• **BRIEF**
Skip all pictures. Set down only the lines starting at the line containing "The Heart Horse" and running to the end of the listing.

• **INPUT DATA**
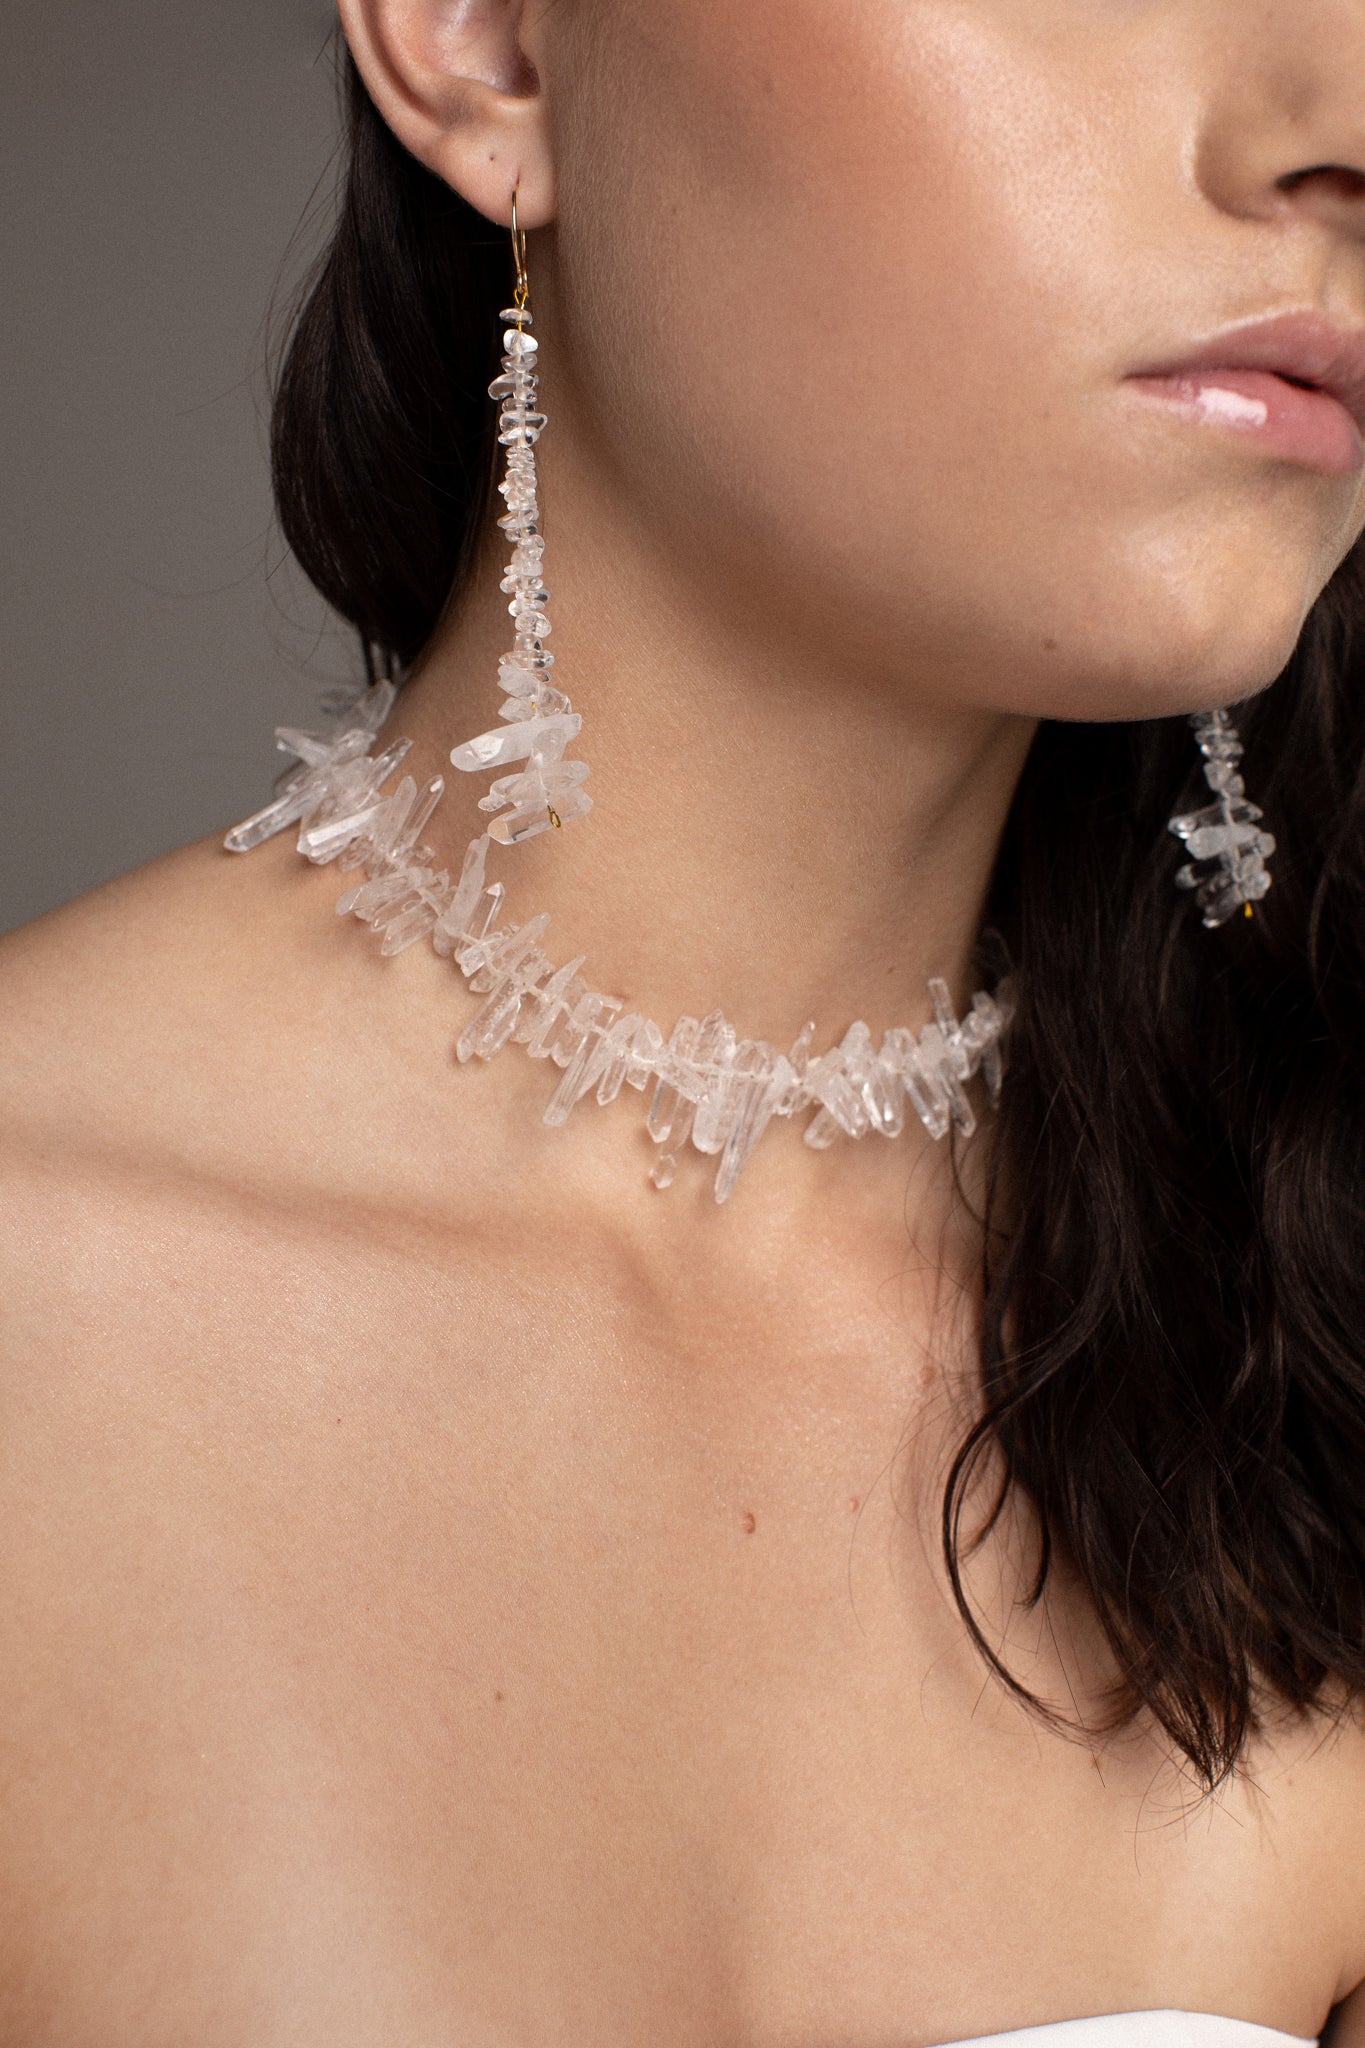 Adorned with quartz raw crystals, this choker captures a unique and raw charm.
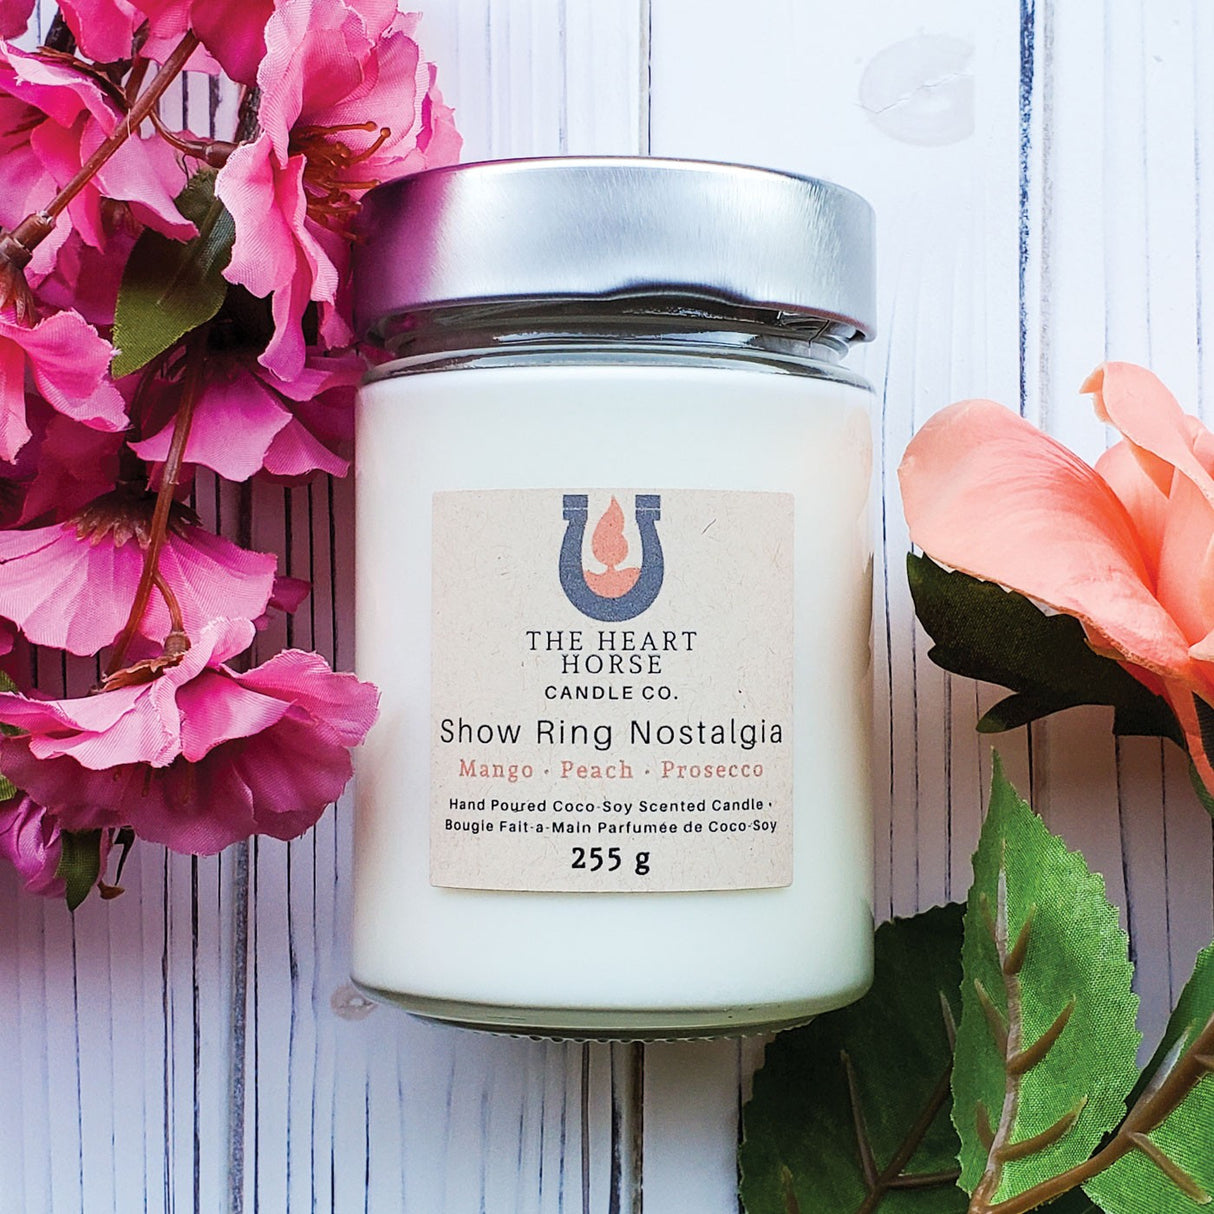 The Heart Horse Candle Co. Show Ring Nostalgia Candle
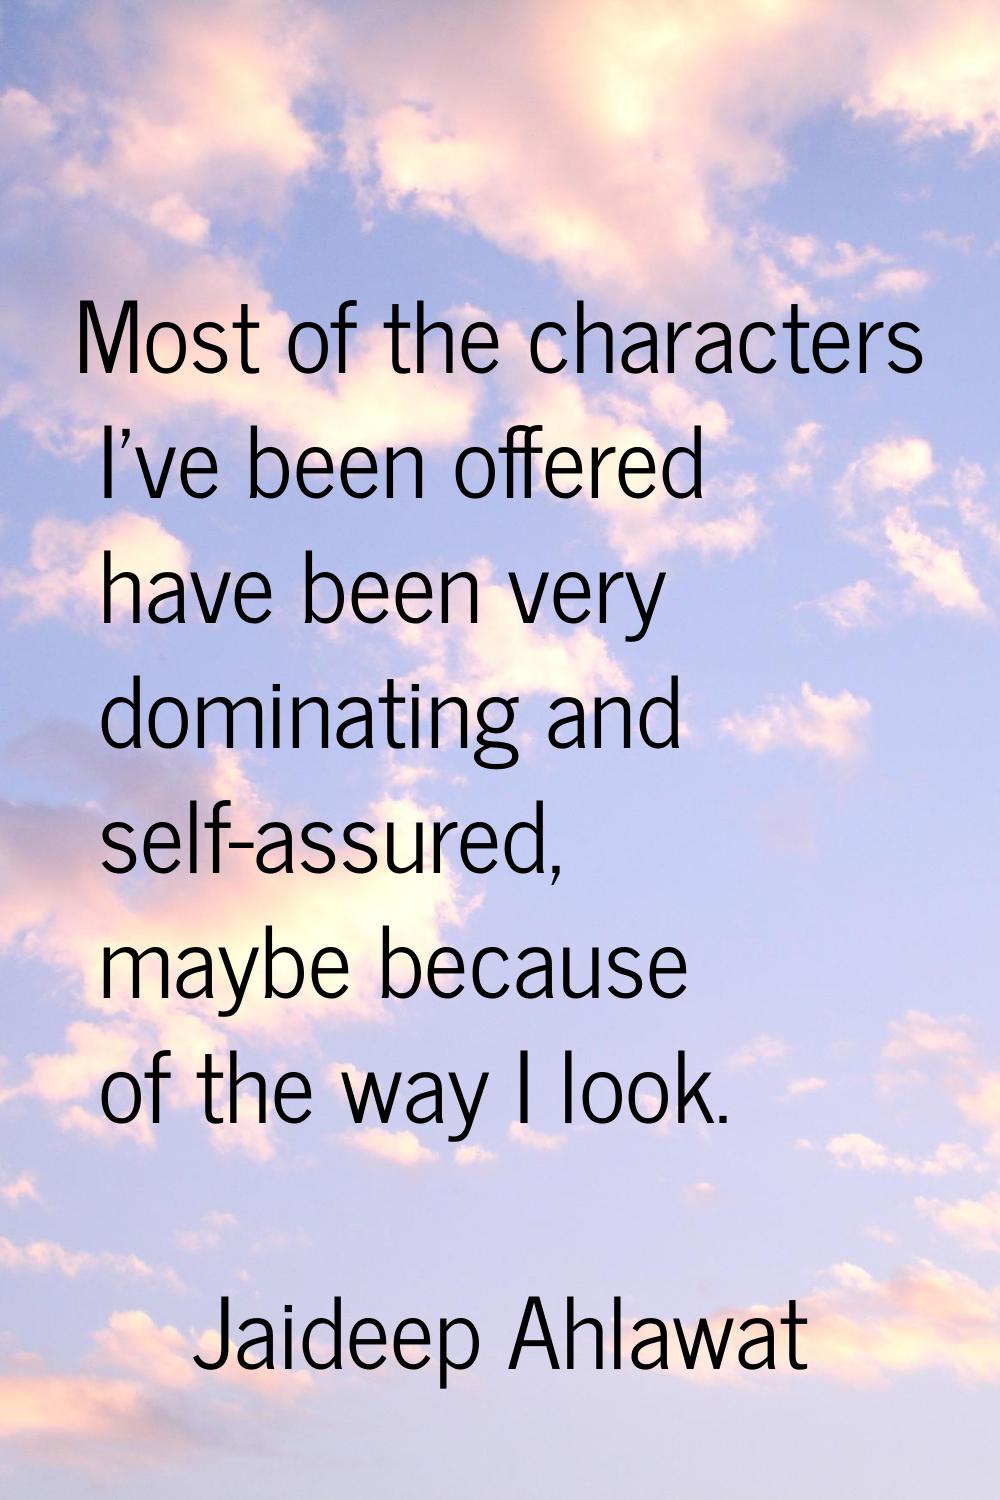 Most of the characters I've been offered have been very dominating and self-assured, maybe because

• **OUTPUT OF THE TASK**
 The Heart Horse Candle Co. Show Ring Nostalgia Candle
 Most of the characters I've been offered have been very dominating and self-assured, maybe because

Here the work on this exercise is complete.